= SOURCE MATERIAL =
↓
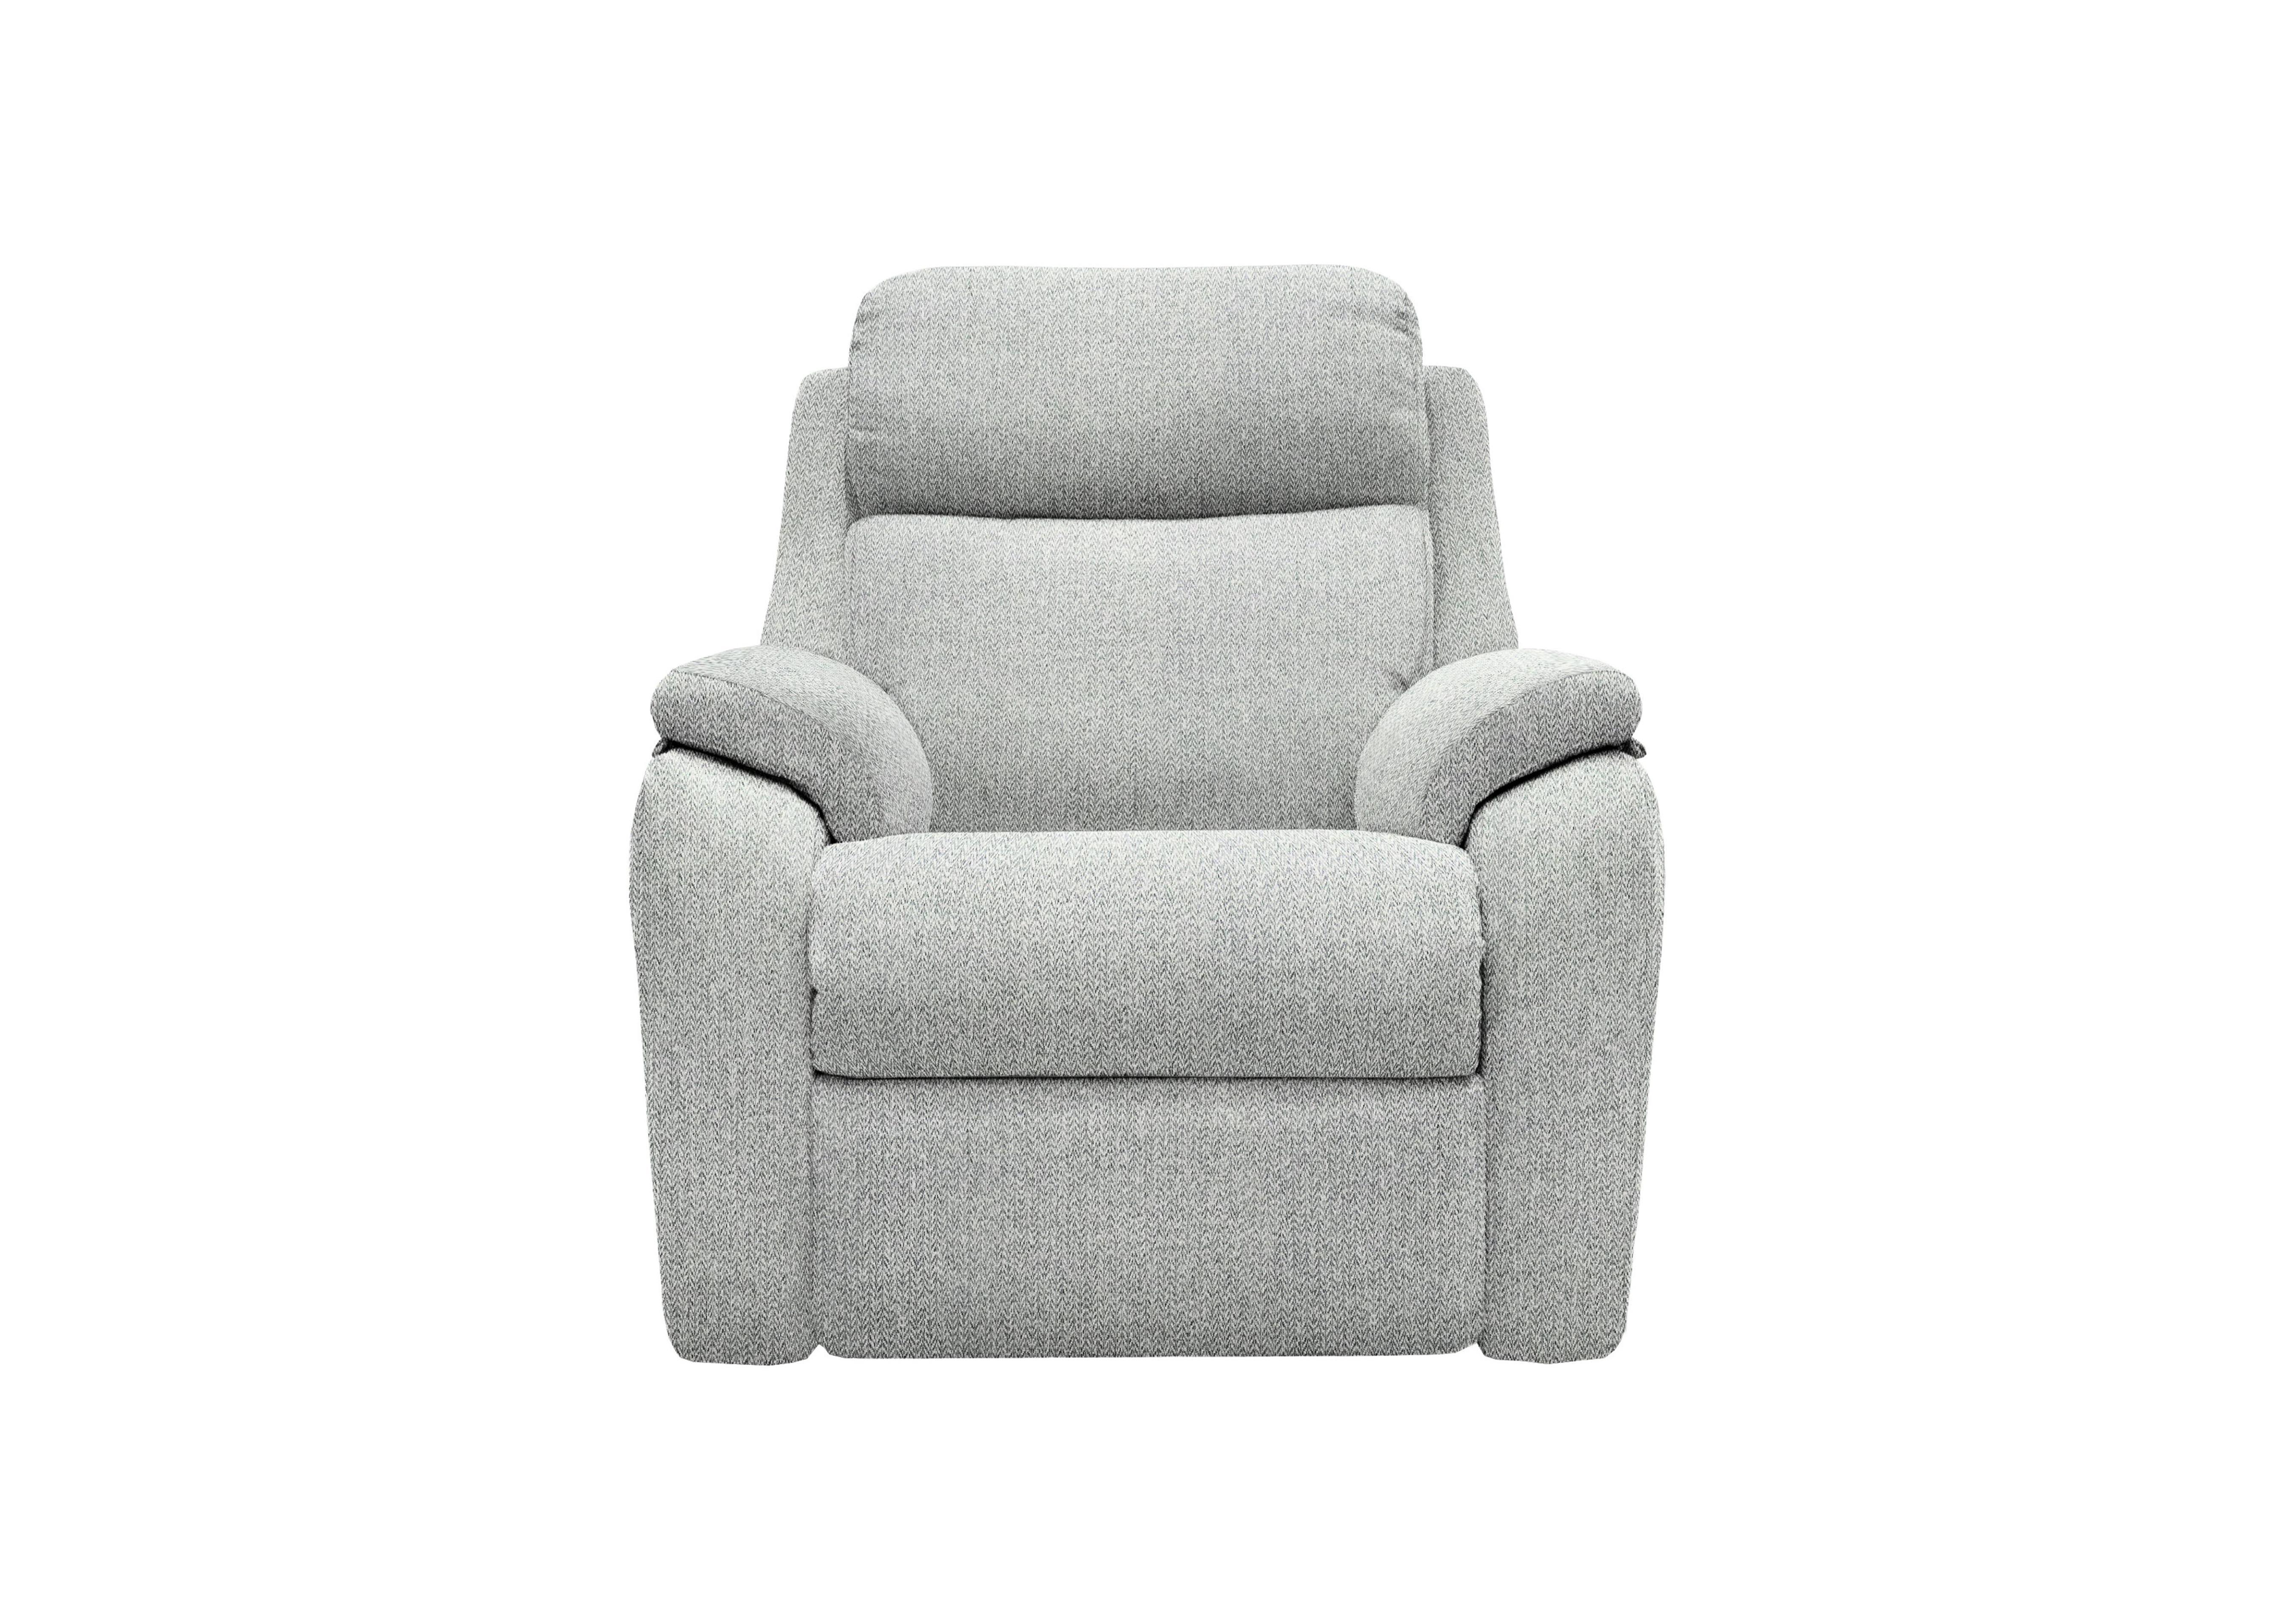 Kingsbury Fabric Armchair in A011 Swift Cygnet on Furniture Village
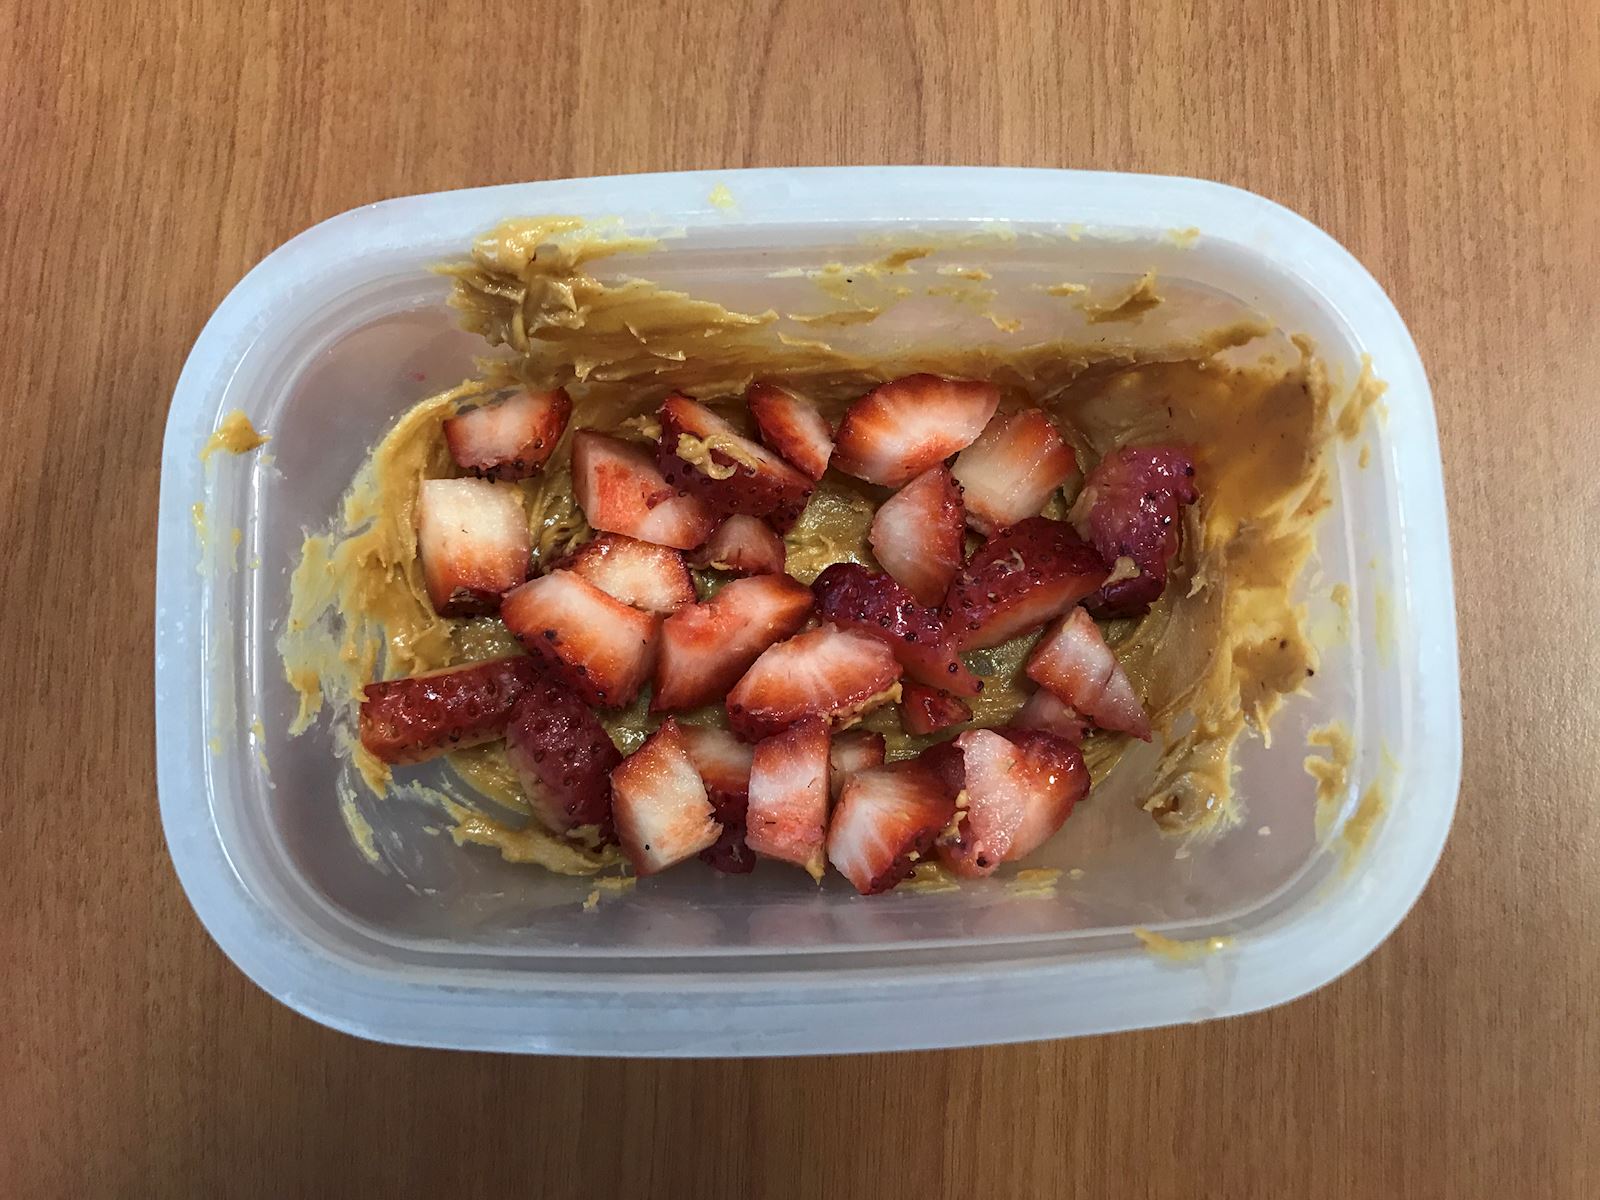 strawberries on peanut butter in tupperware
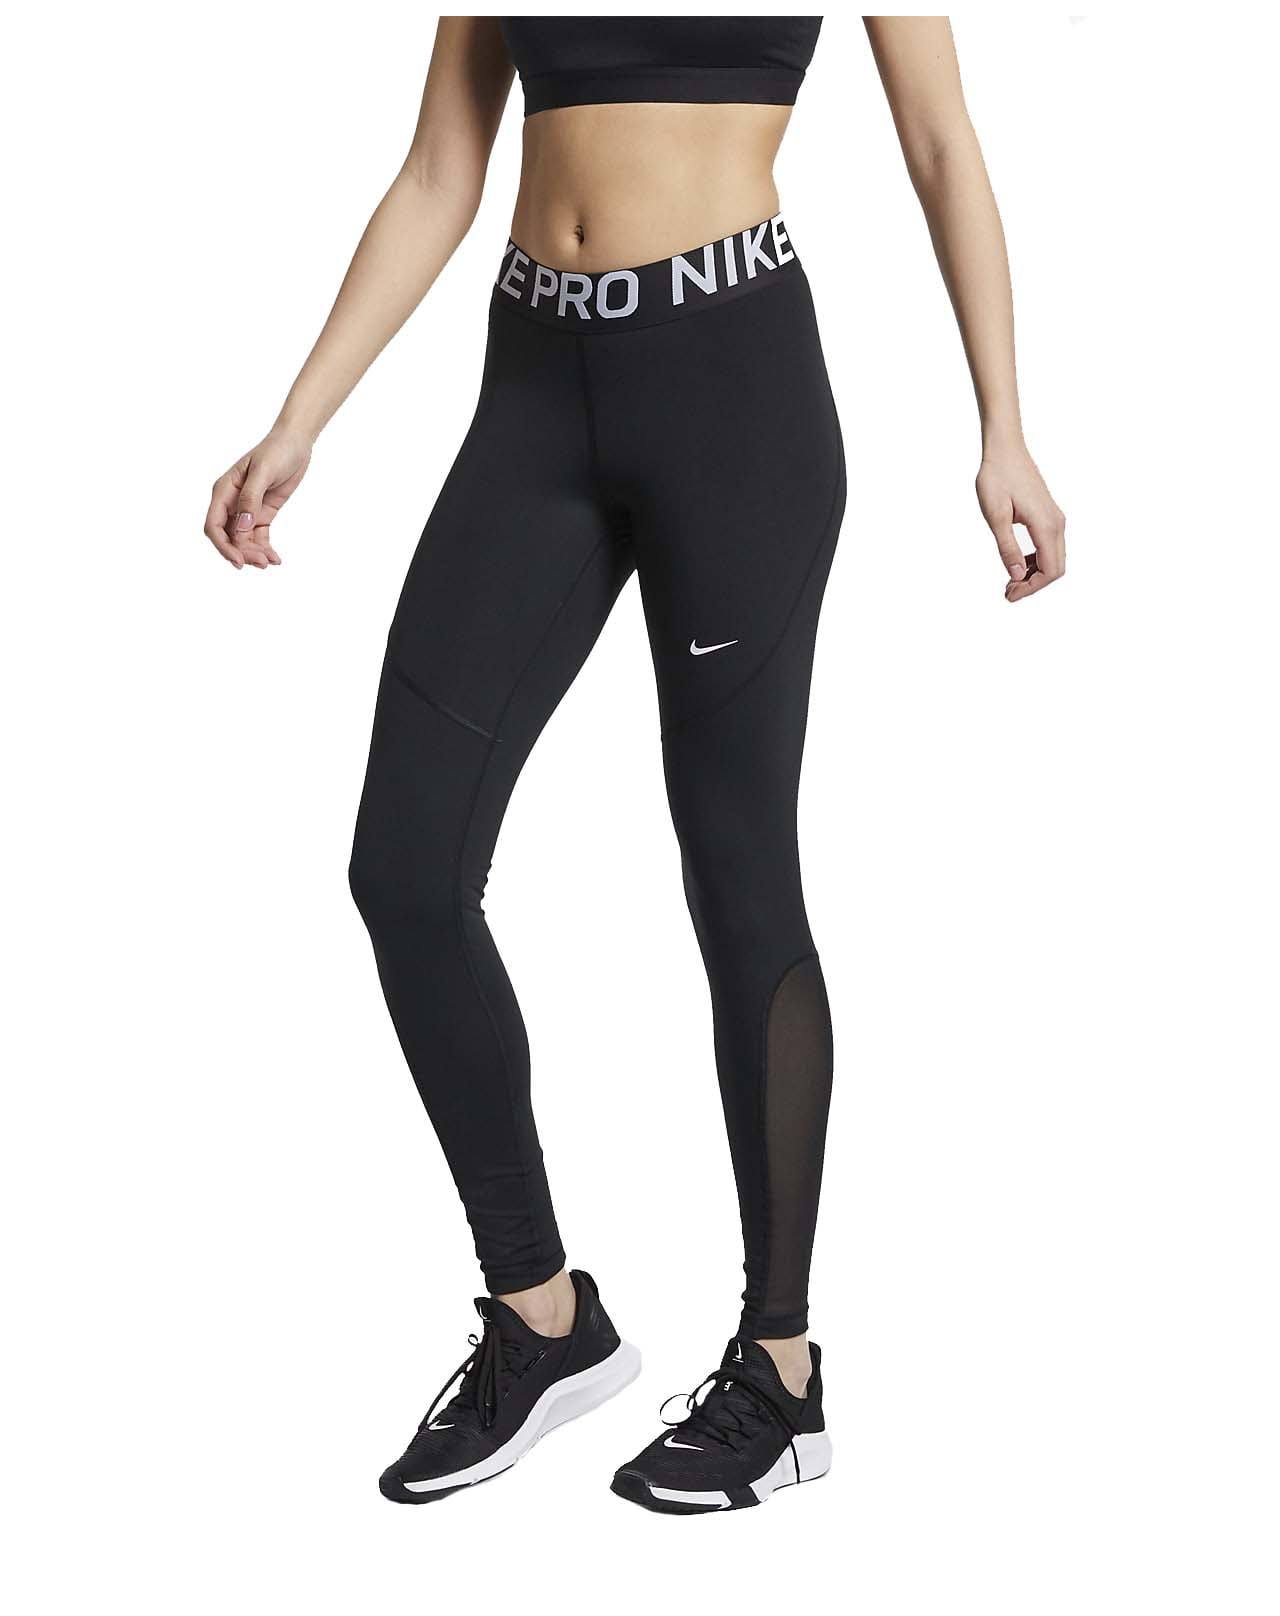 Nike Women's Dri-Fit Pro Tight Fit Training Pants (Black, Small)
↑
= AIM OF THE TASK =
The material above holds pictures; copy everything else in it exactly.

= SOLVED EXERCISE =
 Kingsbury Fabric Armchair in A011 Swift Cygnet on Furniture Village
 strawberries on peanut butter in tupperware
 Nike Women's Dri-Fit Pro Tight Fit Training Pants (Black, Small)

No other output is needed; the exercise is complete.